Als dritte Begründung für den Zwang als unverzichtbares Erziehungsmittel führt Kant an, dass das Kind »den unvermeidlichen Widerstand der Gesellschaft fühlen« müsse, da es nur so die Schwierigkeit kennen lernen könne, »sich selbst zu erhalten, zu entbehren, und zu erwerben, um unabhängig zu sein« (Kant 1803/1983, S. 711). Zwang ist in diesem Sinne nötig im Interesse künftiger Selbstständigkeit, sofern diese nämlich Fähigkeiten voraussetzt, die nicht von selbst entstehen: die Fähigkeit, sich durch Arbeit bzw. Erwerbstätigkeit »selbst zu erhalten« und zu diesem Zweck auch Entbehrungen in Kauf zu nehmen.
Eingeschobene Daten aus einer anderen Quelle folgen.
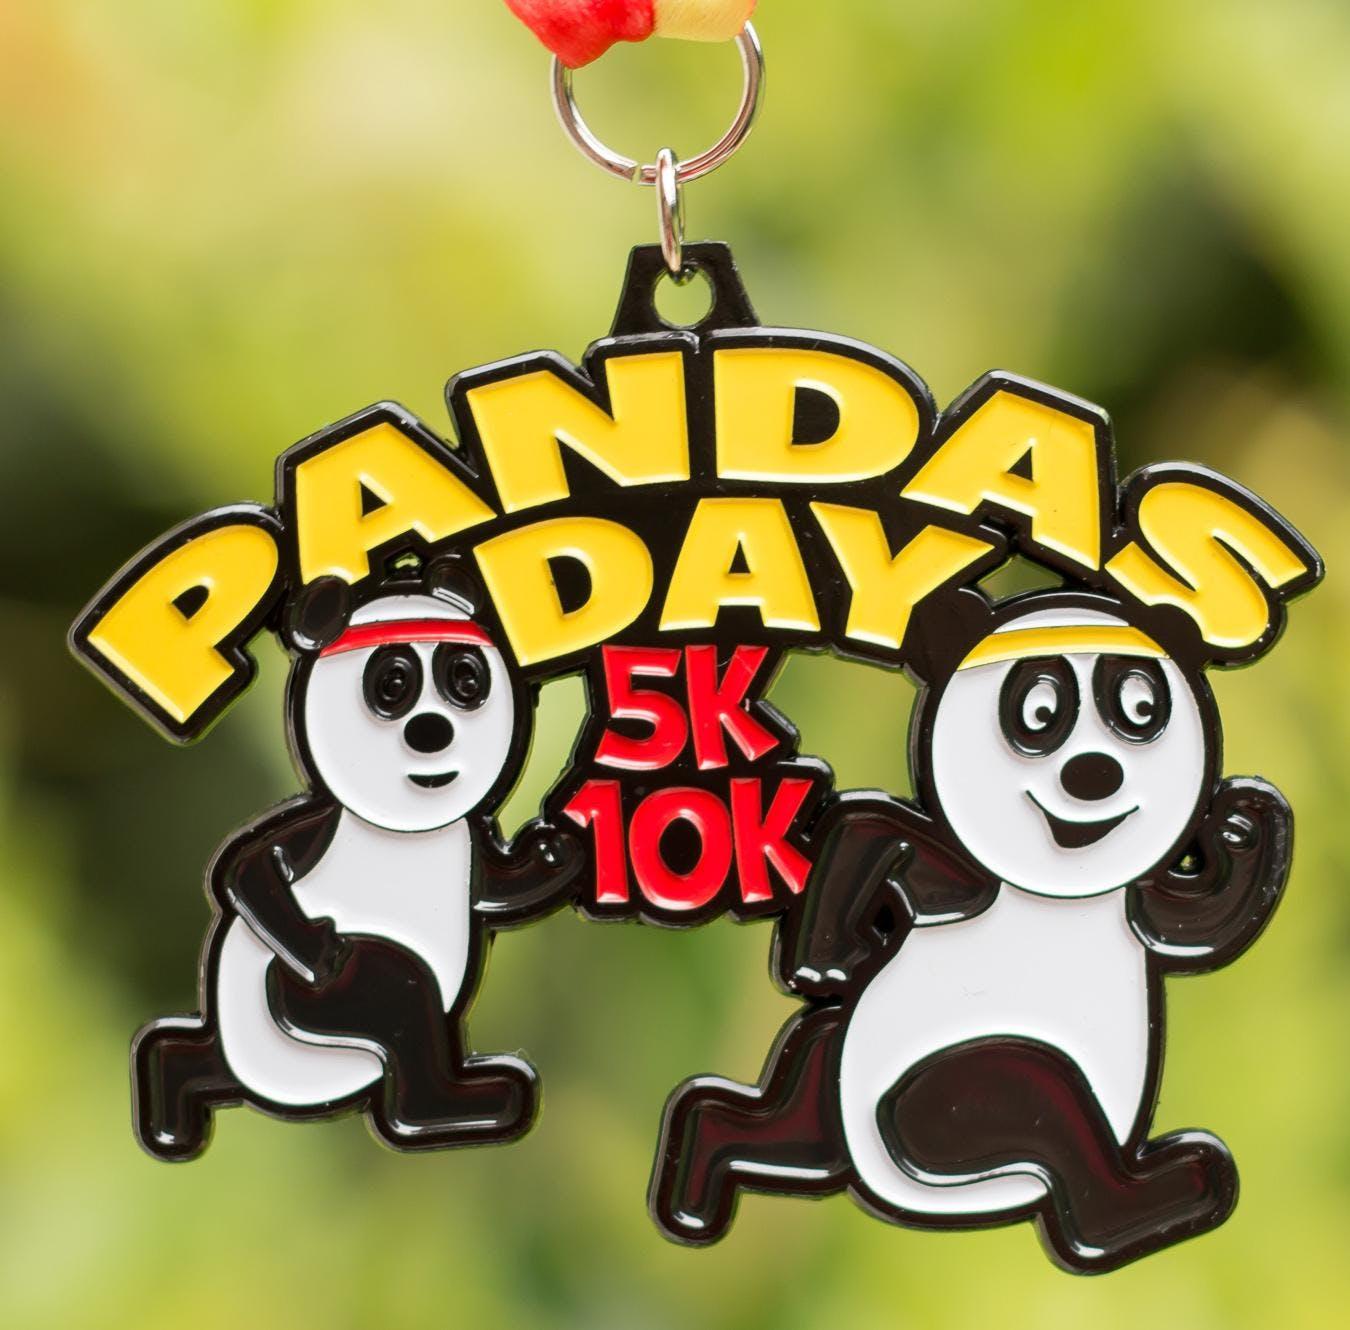 Now Only $8! PANDAS Day 5K & 10K - Tucson
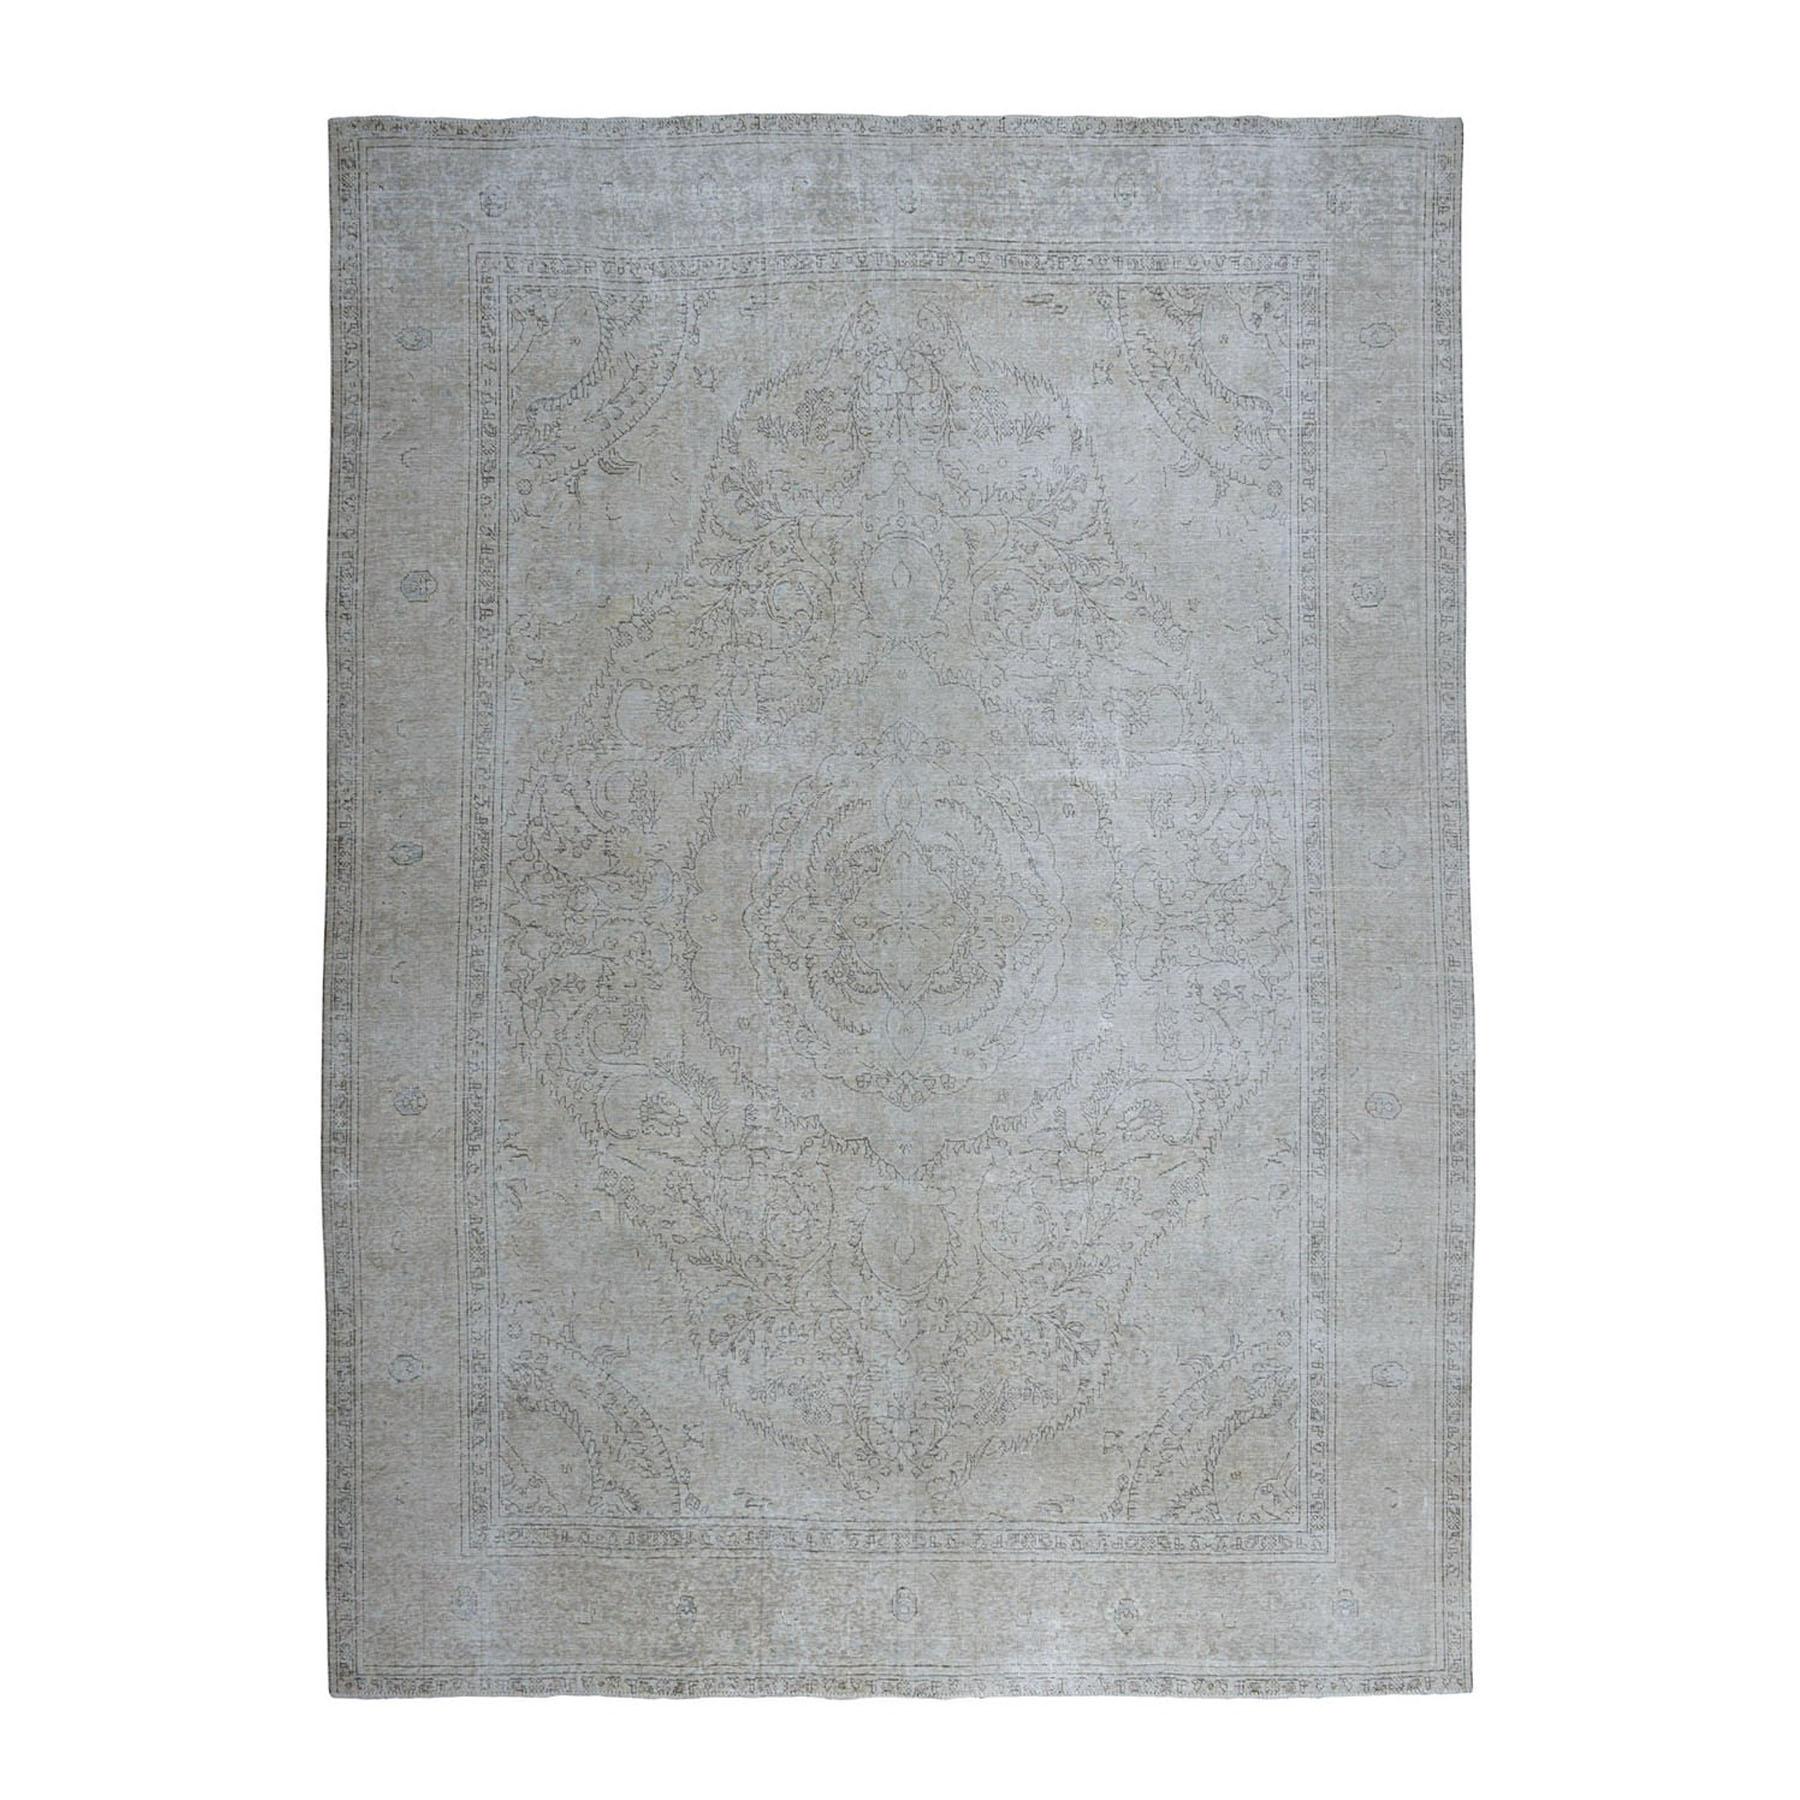 "9'10""X12'5"" Silver White Wash Vintage Tabriz Worn Wool Hand-Knotted Oriental Rug moae06a7"

Daraus ergibt sich als dritte pädagogische Regel, dass die Einschränkung der Freiheit nur in dem Maße gerechtfertigt ist, wie sie sich im Interesse künftiger Freiheit (im Sinne von Selbstständigkeit) als erforderlich erweist: Man müsse, so Kant, dem Kind »beweisen, daß man ihm einen Zwang auferlegt, der es zum Gebrauche seiner eigenen Freiheit führt, daß man es kultiviere, damit es einst frei sein könne« (ebd.).
Gewiss lassen diese Ausführungen Kants noch etlichen Spielraum für Interpretationen. So wäre z. B. in Bezug auf die letzte Bestimmung an konkreten Beispielen zu diskutieren (was gleich versucht werden soll), inwiefern die Ausübung von Zwang im Interesse künftiger Freiheit notwendig und gerechtfertigt ist. Dennoch bleibt festzuhalten, dass Kants Begründungen für die Notwendigkeit von Zwang und seine Regeln für pädagogisches Handeln primär als Begrenzungen erzieherischer Zwangsausübung zu verstehen sind. Anders formuliert: Abgesehen von den genannten Gründen und jenseits der gezogenen Grenzen ist den Zöglingen Kant zufolge völlige Freiheit einzuräumen. Die positive Dimension des ›Kultivierens‹, d. h. die Anleitung zum richtigen Gebrauch der Freiheit, hat also zur Voraussetzung, dass Kindern Freiheit gewährt wird.